*Por Maurício Costa Romão
A Câmara dos Deputados voltou a tratar de mudança do sistema eleitoral brasileiro, desta feita buscando substituir o proporcional pelo majoritário. A mudança seria uma forma de superar as dificuldades causadas para muitos partidos pelo fim das coligações proporcionais e pela instituição da cláusula de desempenho partidário.
Como não há tempo hábil para implementar o modelo majoritário de voto no formato distrital puro ou misto, para viger em 2022, até porque seria necessário delimitar espaços geográficos distritais nos estados da federação, os debates iniciais têm convergido para a modalidade distritão, cuja proposta, aliás, já fora derrotada no plenário do Congresso Nacional, em 2017.
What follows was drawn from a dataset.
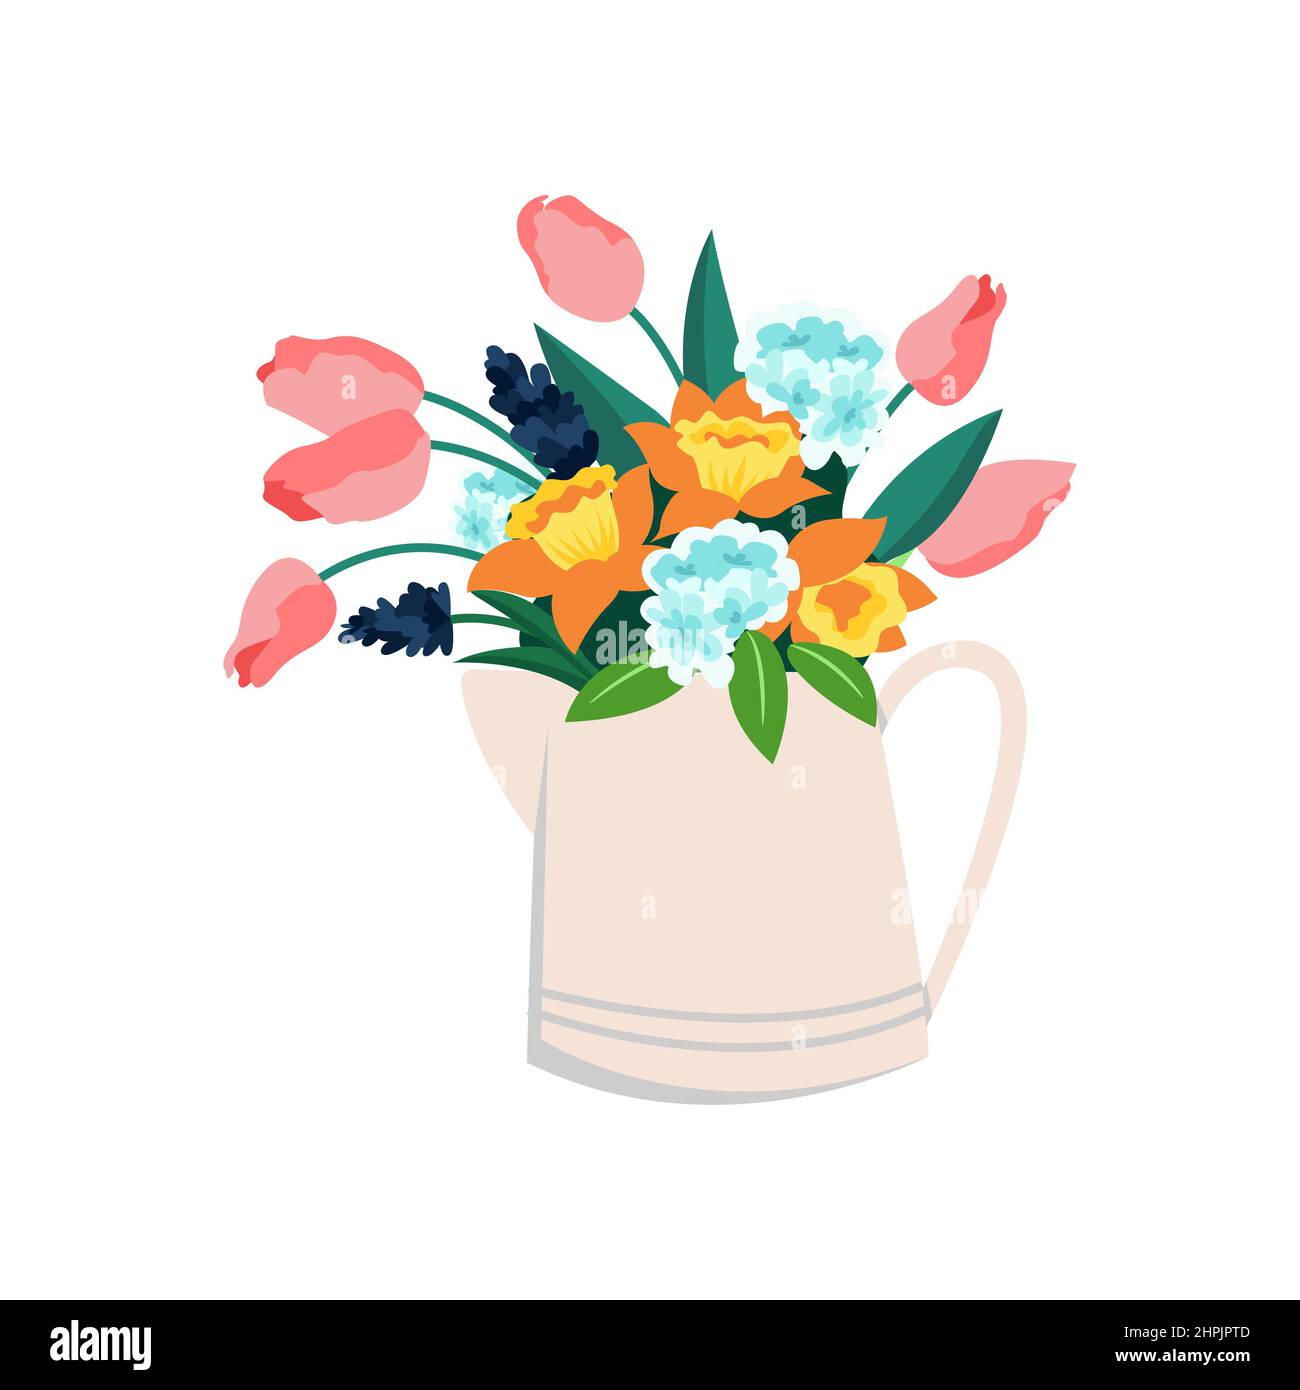 Krug mit Blumen, Tulpen und Narzissen, Frühlingsstrauß mit Hortensien. Vektorgrafik Stock Vektor
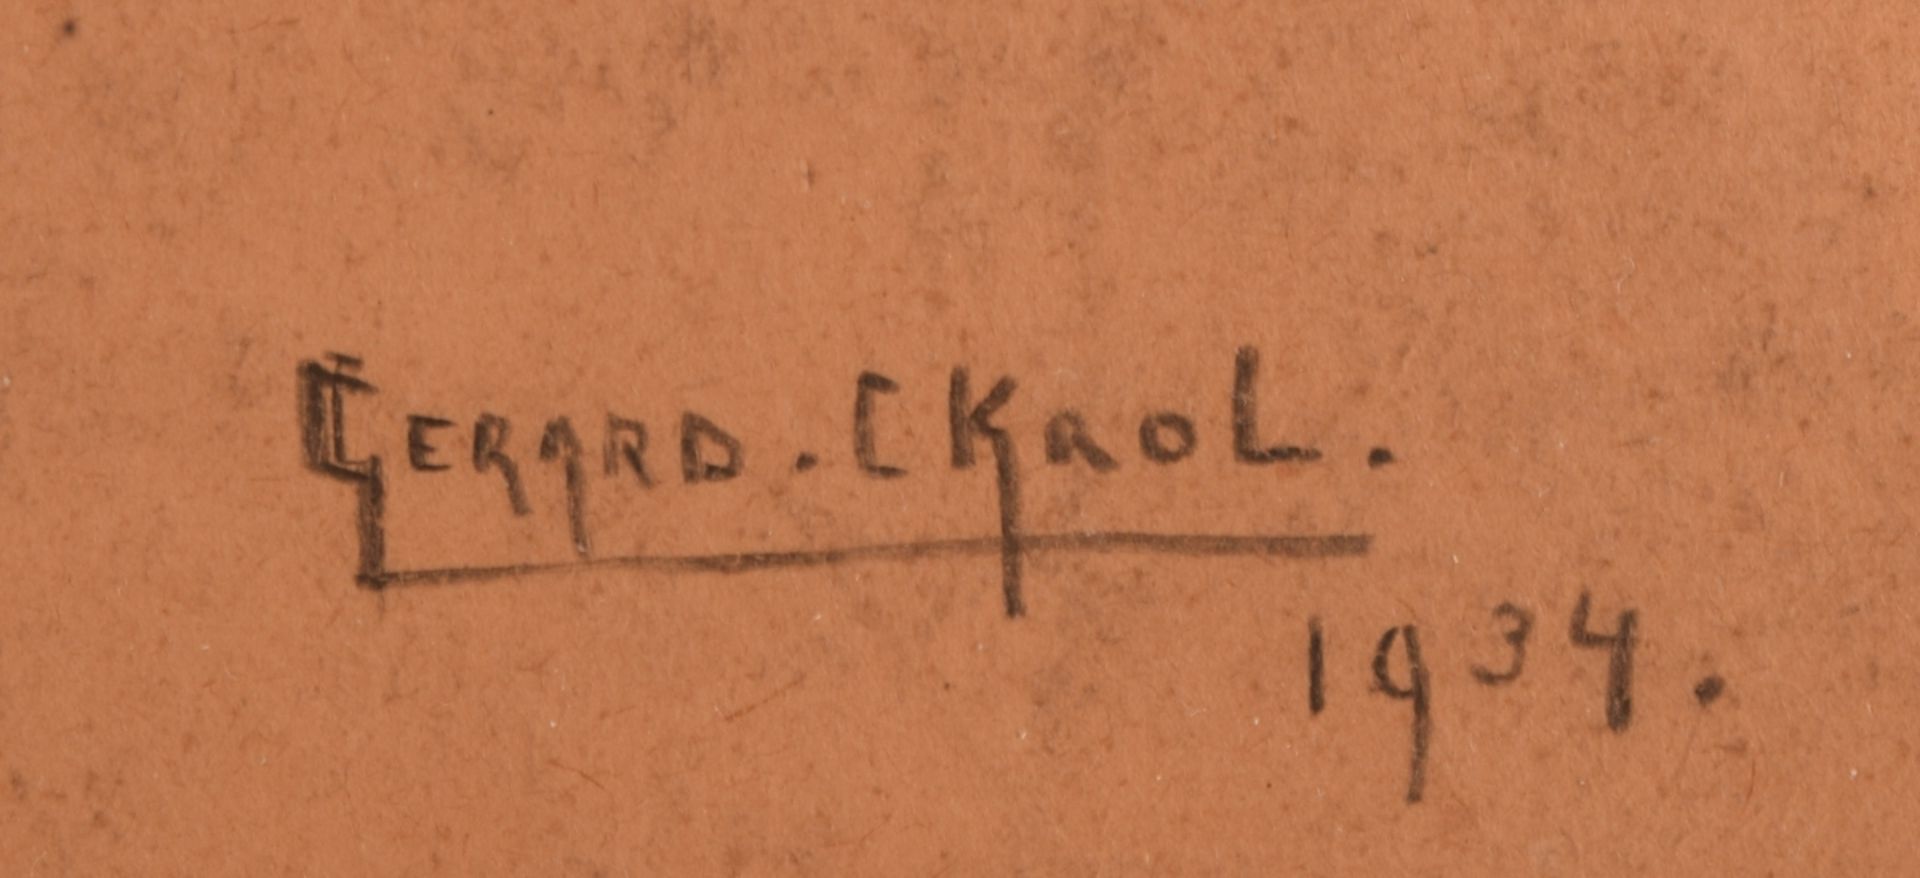 Ckaol, Gerard Blei auf braunem Zeichenpapier, Mädchenbildnis, rechts unten signiert und datiert 19 - Bild 4 aus 4

O distritão é uma variante magnificada do distrital puro. Pelo mecanismo, a circunscrição eleitoral seria um grande distrito (o estado, o município). Pernambuco, por exemplo, conformaria um distrito com 25 cadeiras de deputado federal, cuja ocupação dar-se-ia pelos 25 candidatos mais votados da eleição (a chamada “verdade eleitoral”).
O distritão é louvado (1) por eleger os mais votados do pleito; (2) pela sua simplicidade (inteligibilidade); (3) por respeitar a vontade do eleitor; (4) por fortalecer os principais partidos e evitar fragmentação partidária e (5) por impedir transbordamento (spillover) de votos de puxadores para candidatos de pouca dimensão eleitoral.
O rol dos deméritos, todavia, é apreciável:
(a) reduz o pluralismo político do Parlamento; (b) diminui a participação das minorias; (c) tem baixa taxa de renovação da representação, devido ao recall dos atuais eleitos; (d) concentra mais votos e representantes nos partidos grandes; (e) supervaloriza as pessoas famosas (extra partidárias) em detrimento da qualidade da representação; (f) aumenta a personalização da representação; (g) tem baixa accountability (pouca ligação entre o parlamentar e as bases eleitorais); (h) relega partidos a plano secundário; (i) estimula competição entre correligionários de um mesmo partido e (j) favorece a influência do poder econômico.
Um argumento de convencimento expressado por alguns parlamentares é o de que o distritão seria implantado agora, mas como transição para o modelo distrital misto, que vigeria a partir de 2030. No mecanismo misto o eleitor vota duas vezes e uma parte dos parlamentares é eleita pelo sistema majoritário-distrital puro e a outra parte pelo proporcional de lista fechada. Um dos modelos mais complexos em uso nas democracias contemporâneas.
A justificativa de que o distritão seria um aprendizado para o distrital misto não se sustenta. São dois sistemas que guardam entre si enormes diferenças. E tem uma questão lógica: se o distritão não serve para ser permanente, por que submeter o país a essa traumática temporariedade?
Ademais, o argumento da transição pressupõe que o distrital misto é superior ao distritão – a ponto deste servir apenas de trampolim para aquele – ou ao proporcional de lista aberta – a ponto de este ser substituído por ambos. Todos os sistemas eleitorais têm vantagens e desvantagens e é sempre controverso se falar de superioridade de um sobre outro, pois “nenhum sistema de voto é justo, perfeito, ideal” (“Teorema da Impossibilidade de Arrow”).
Note-se, enfim, que a proposta de mudança de modelo eleitoral ressurge de forma flagrantemente casuística: “facilitar a vida de partidos nanicos” (Poder360, 24/02/21). O propósito explicitado é o de desfazer o regramento constitucional de 2017, que diminui a fragmentação partidária e imprime qualidade ao sistema político.
Uma propositura vazada em tais desígnios não pode prosperar.